Conoció a Clara el día que le escalabraron. Estaba solo con la espalda contra la pared. Había dos con cadenas y otro más atrás tirando piedras. Cayó con la ceja abierta y chorreando sangre. Aturdido. Apenas oyó al servicio de limpieza del ayuntamiento que le salvó de algo peor. Después de la casa de socorro, Gerardo le soltó el discurso, todavía impregnado del olor a basura, mientras su hija le miraba sin decir nada. Él también la miraba. Más tarde, Clara le acompañó a casa.

  • “Vivo aquí” dijo.
  • “¿Te duele?”
  • “No, casi nada”
  • “Bueno, adiós”

No durmió bien aquella noche. Veía una y otra vez el pelo castaño, casi rubio, de ella. Sus labios, los pezones bajo la sudadera, la mirada mansa dinamitaron sus defensas. Lloró por primera vez en años, sin saber que lo hacía. Después la congoja le rompió y se tapó la cabeza con la almohada para esconder los sollozos.

Al día siguiente, cuando llegó a casa del instituto, ella le esperaba, de pie junto al portal.

  • “¿Qué coño quieres?” soltó, desabrido.
  • “Nada, ya me voy”
  • “¡Espera!”
  • “Qué”
  • “Espera, quédate conmigo”. “Por favor”, añadió al poco en voz baja.

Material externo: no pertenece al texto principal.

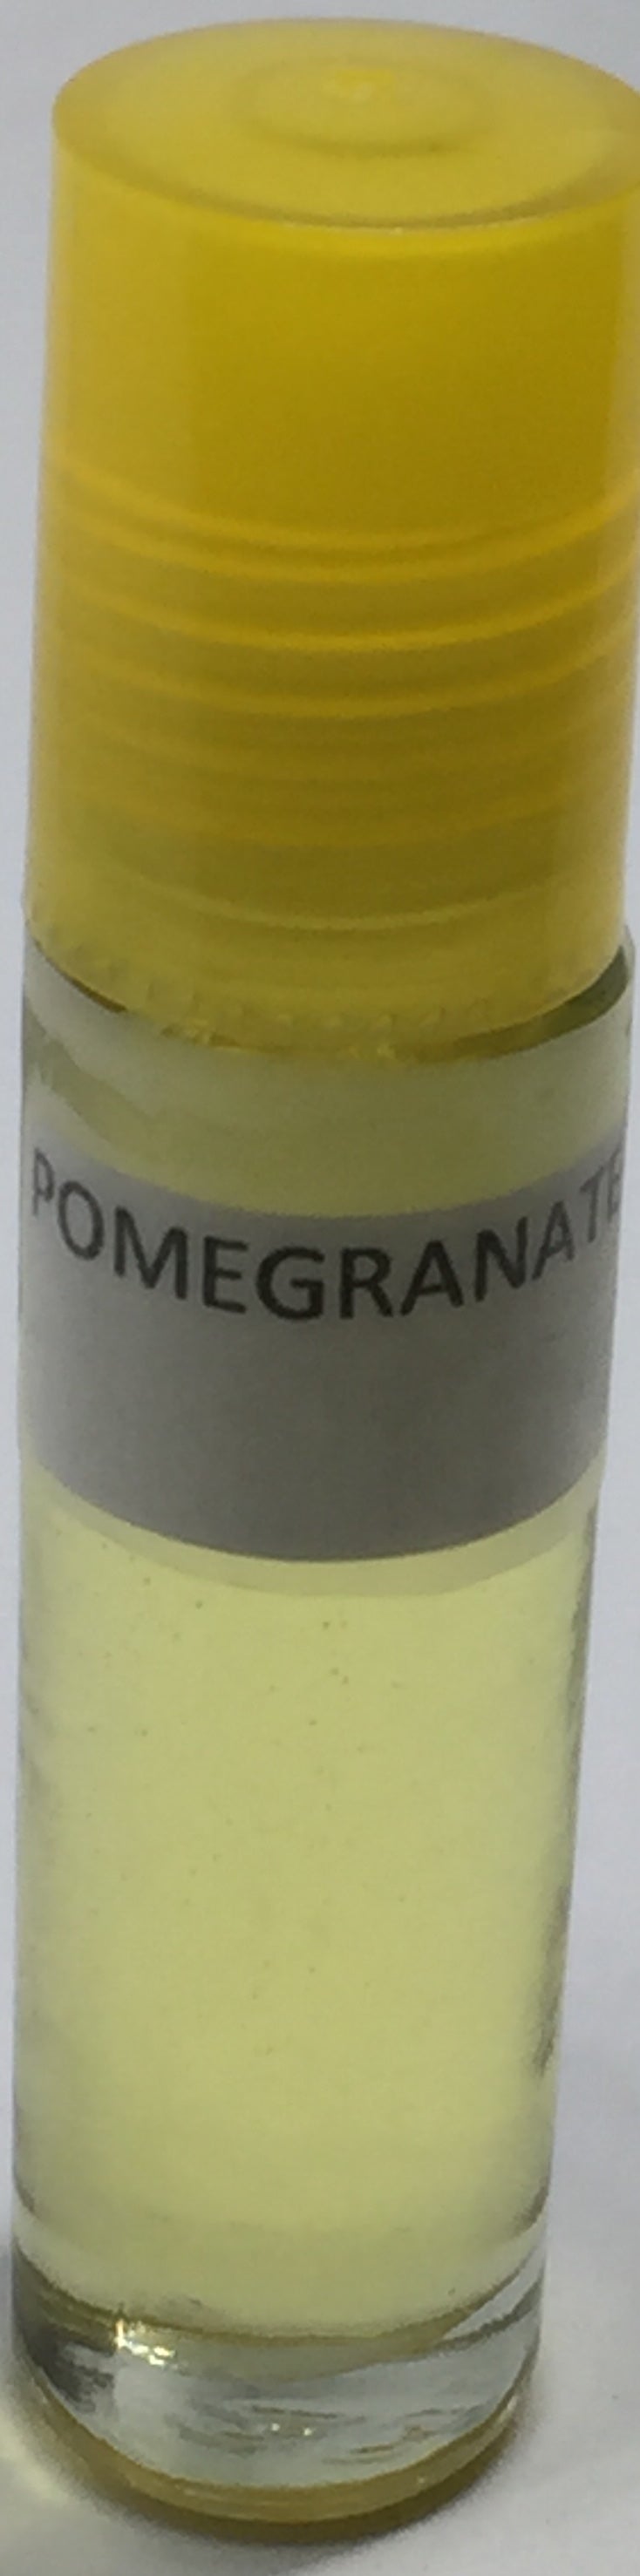 Pomegranate Twist: Fragrance(Perfume)Body Oil

Alex guardó el secreto para sí. No se fiaba de nadie, no sabía qué estaba pasando. Ella hablaba, suave, despacio. Acariciaba sus cicatrices con un dedo y le contaba sus sueños. Él solía escucharla con ojos asombrados. Al poco, empezó también a desgranarse en palabras nunca dichas antes. De repente, Clara le besó en los labios.

  • “¿Porqué me besas?”
  • “Estabas sonriendo”, y le besó de nuevo.
  • “No es verdad.”
  • “Sí que lo es. La primera vez. Y además te quiero.”
  • “¡Yo no quiero que me quieras! ¡Y no quiero quererte! ¡Si te hago caso no seré capaz de defenderme! ¿Es que no lo ves? ¡Déjame en paz!”

Huyó.

 

  • “¿Porqué no te duermes?”

Vania se había acercado a su cama. Al no recibir respuesta, se introdujo en ella y se acurrucó junto a él. Alex miraba al techo. Pensó en tantas noches abrazados, en el frío y el miedo. En su propio miedo a ser abandonado una vez más. En su hermano, el único ser a quien él había querido y protegido. Mientras las lágrimas corrían por las mejillas, tomó su decisión.

  • “Duérmete, Vania. Todo está bien.”

 

Fue al día siguiente cuando se la jugó:

  • “Estoy por ti”.
  • “Yo también por ti, idiota.”

No hubo más. No hacía falta. O quizá sí, porque todo estaba en el aire. A los catorce todo flota o pesa demasiado. Sonreían. Entró cada uno en su clase.